1The Affiliated Wuxi People’s Hospital of Nanjing Medical University, Wuxi People’s Hospital, Wuxi Medical Center, Nanjing Medical University, Wuxi, People’s Republic of China; 2The First Affiliated Hospital With Nanjing Medical University, Jiangsu Province Hospital, Nanjing Medical University, Nanjing, People’s Republic of China

Correspondence: Qiong Wang, The Affiliated Wuxi People’s Hospital of Nanjing Medical University, Wuxi People’s Hospital, Wuxi Medical Center, Nanjing Medical University, Wuxi, People’s Republic of China, Email [email protected] Yan Wang, The First Affiliated Hospital With Nanjing Medical University, Jiangsu Province Hospital, Nanjing Medical University, Nanjing, People’s Republic of China, Email [email protected]
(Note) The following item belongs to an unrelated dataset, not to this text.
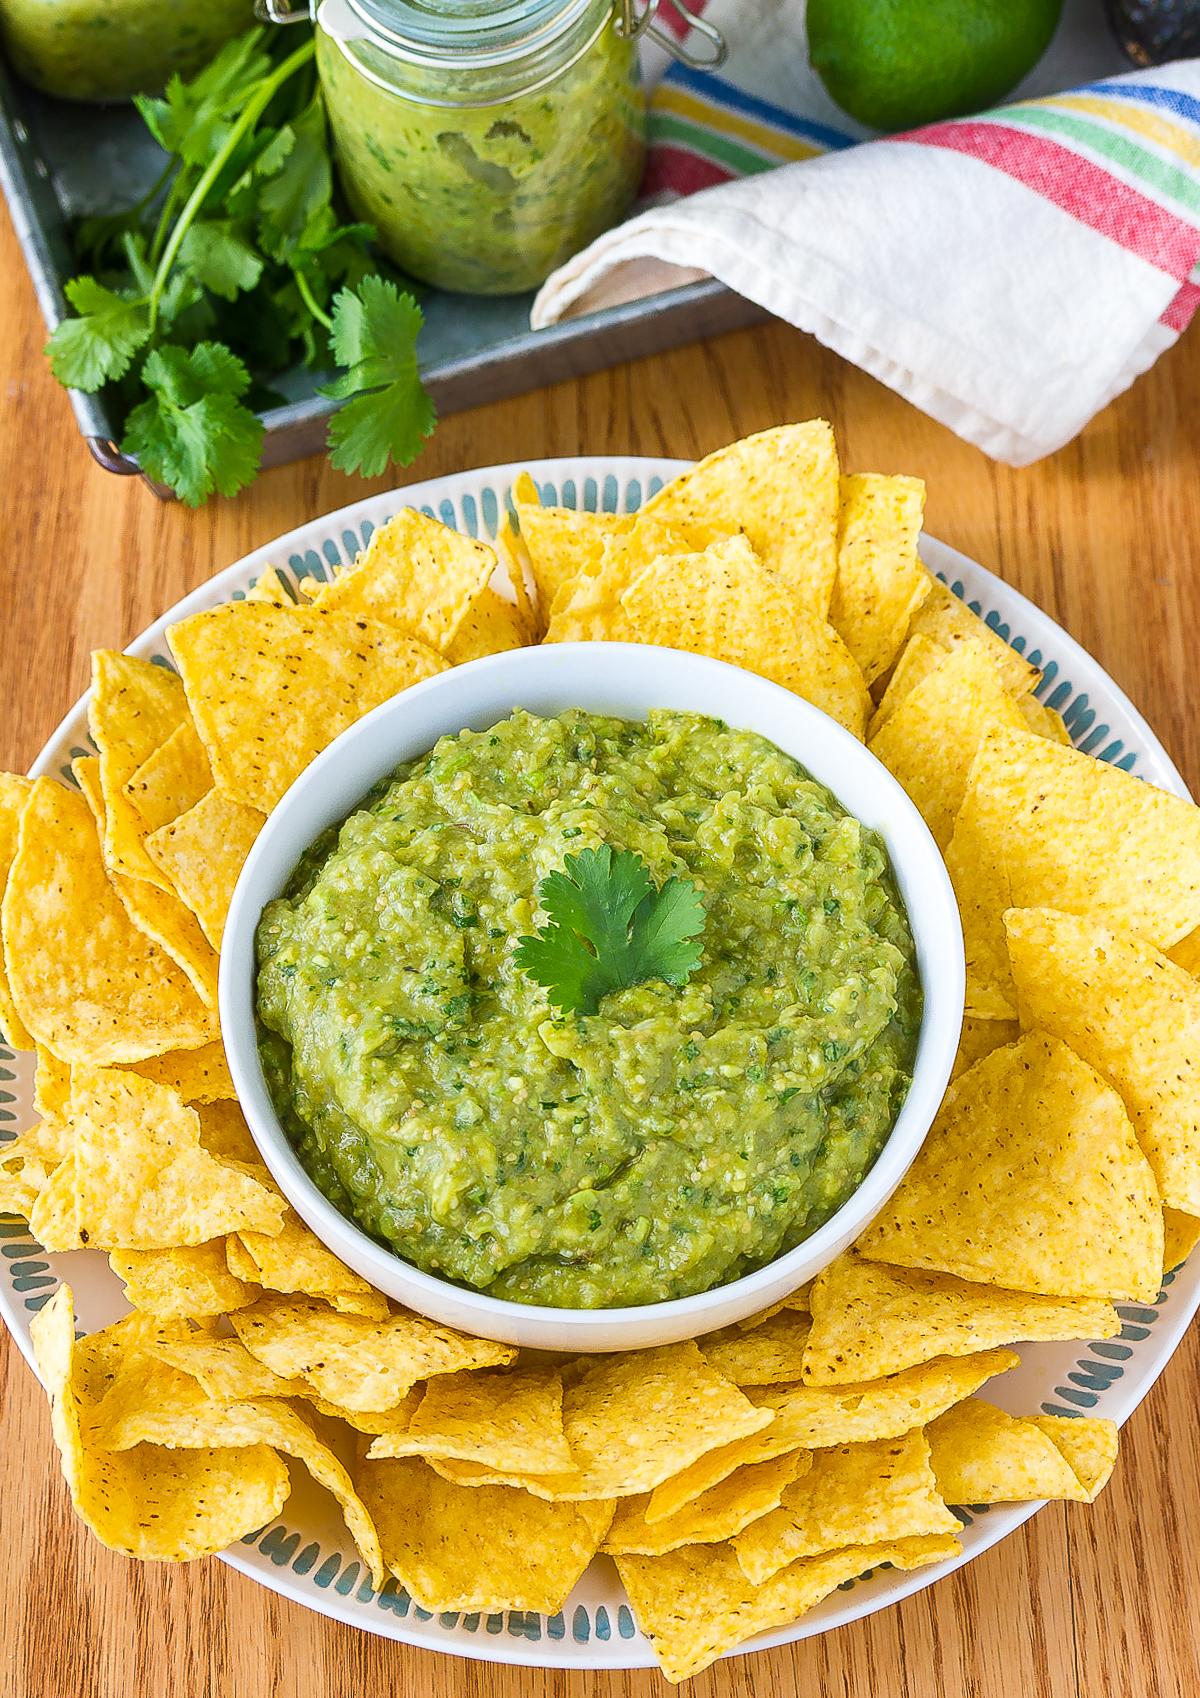 Easy Tomatillo Salsa Verde Recipe #ASpicyPerspective #homemade #salsa #salsaverde #verde #avocado #tomatillo #best #summer #fresh

Abstract: As hematological tumor patients are surviving long-term, the long-term toxicities of therapeutic regimens have become increasingly evident. The coexistence of two hematological tumors in the same patient is extremely rare and typically shows an aggressive clinical course and unsatisfactory prognosis. In the present case, we describe the case of a 64-year-old man who was admitted to the hospital because of fatigue. Biochemical showed an elevated monoclonal immunoglobulin M (IgM) at 37g/L. Next Generation Sequencing (NGS) analysis revealed MYD88L265p mutation, CXCR4 wild type. In August 2020, he was diagnosed with Waldenström macroglobulinemia (WM) and underwent six cycles of chemotherapy with bendamustine, zanubrutinib, and rituximab. However, he was admitted to the hospital in December 2022 following six-month history of Leukocytosis. Bone marrow (BM) flow cytometry (FCM) showed increased MO1 monocytes. Molecular studies were positive for TET2 mutations. He was finally diagnosed with WM and chronic myelomonocytic leukemia (CMML). Then he accepted hematopoietic stem cell transplantation (HSCT). Unfortunately, after 6 months, the patient died as a consequence of severe pulmonary infection.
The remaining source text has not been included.